Work request: Only the pictures are to be dropped, and the rest of the data should be copied exactly.

[Supplied information Boundary: Start]

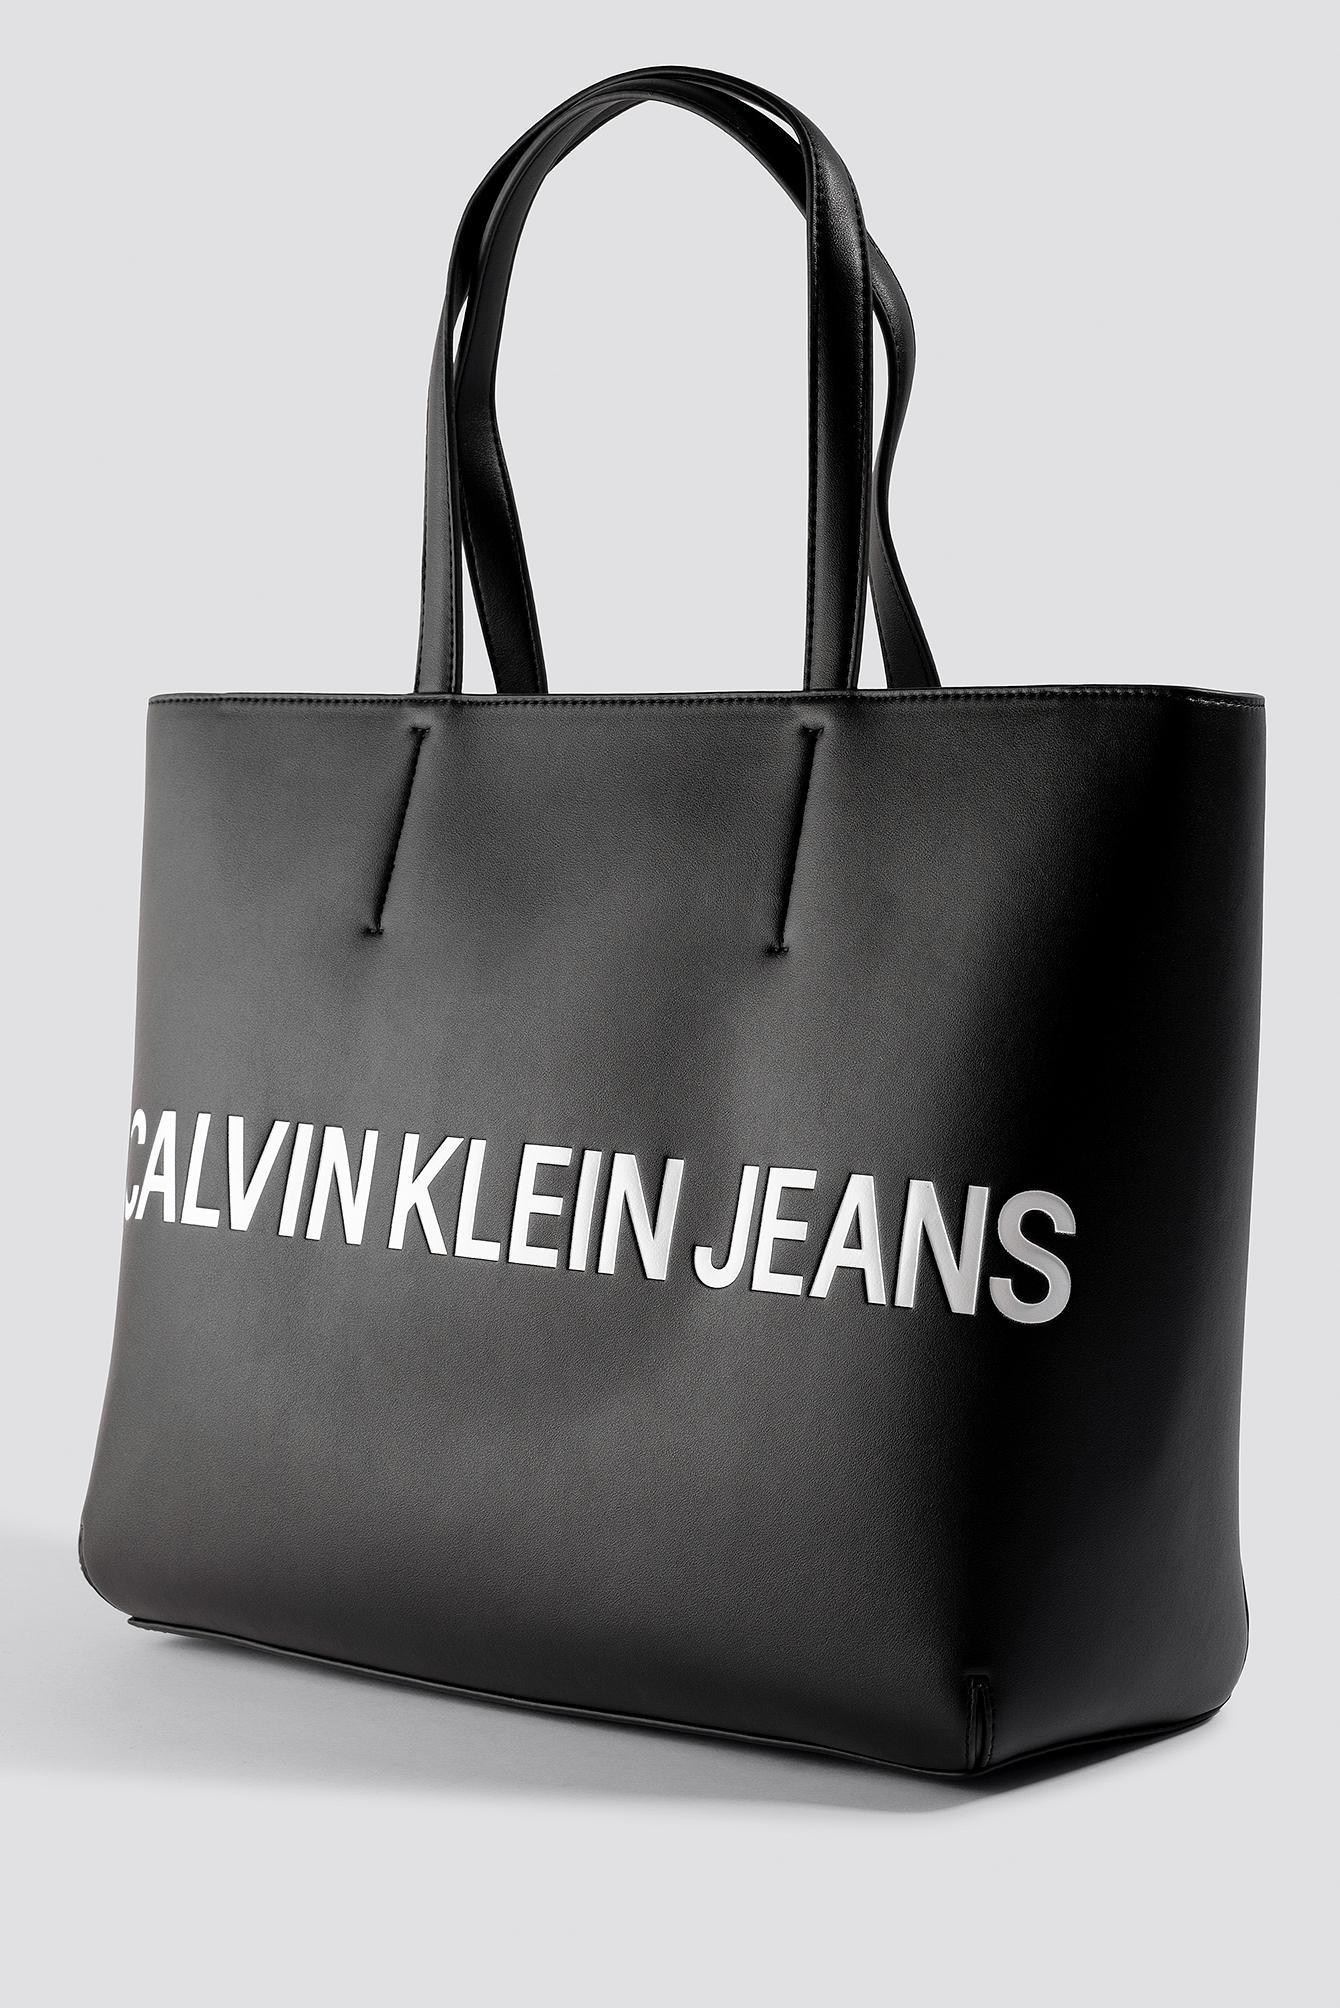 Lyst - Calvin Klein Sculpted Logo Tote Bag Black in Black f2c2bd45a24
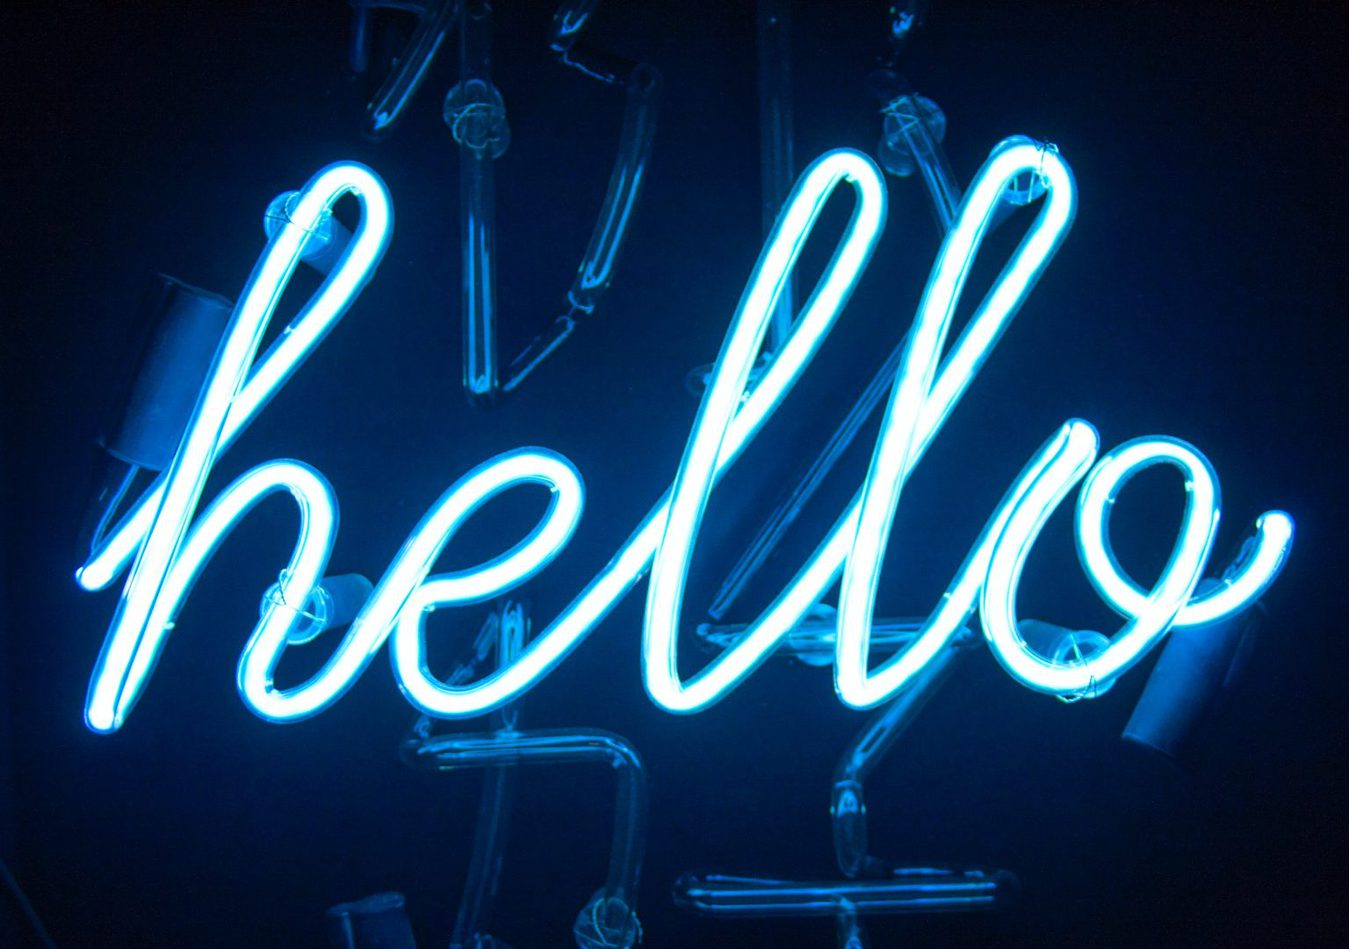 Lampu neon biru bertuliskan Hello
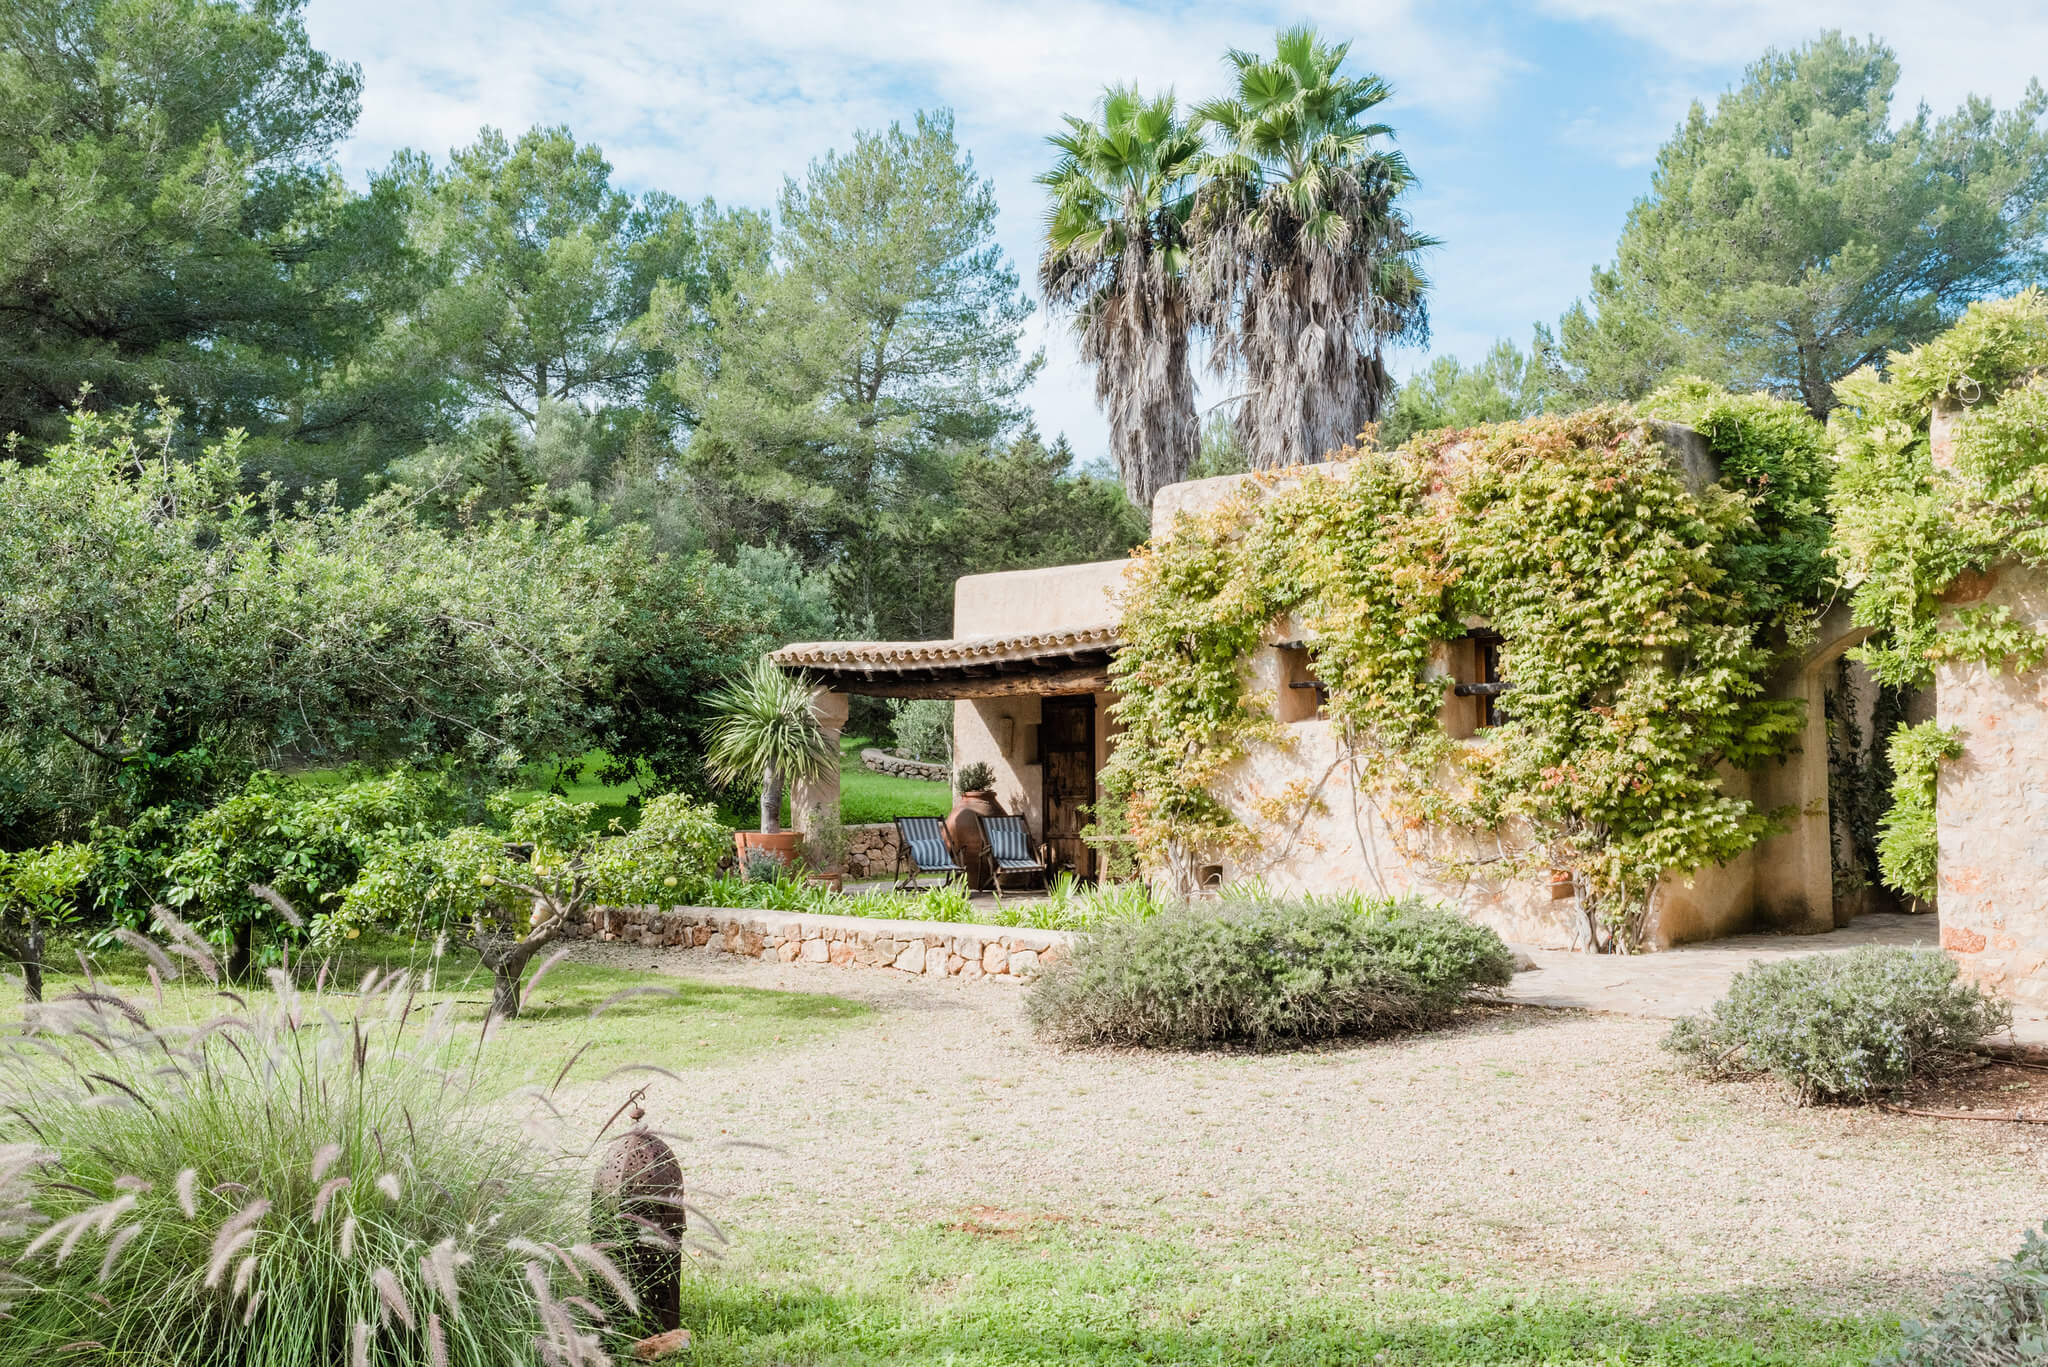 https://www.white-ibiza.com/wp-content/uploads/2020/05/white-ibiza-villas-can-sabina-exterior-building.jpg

[Supplied information Boundary: End]

Written response:
 Lyst - Calvin Klein Sculpted Logo Tote Bag Black in Black f2c2bd45a24
 Lampu neon biru bertuliskan Hello
 https://www.white-ibiza.com/wp-content/uploads/2020/05/white-ibiza-villas-can-sabina-exterior-building.jpg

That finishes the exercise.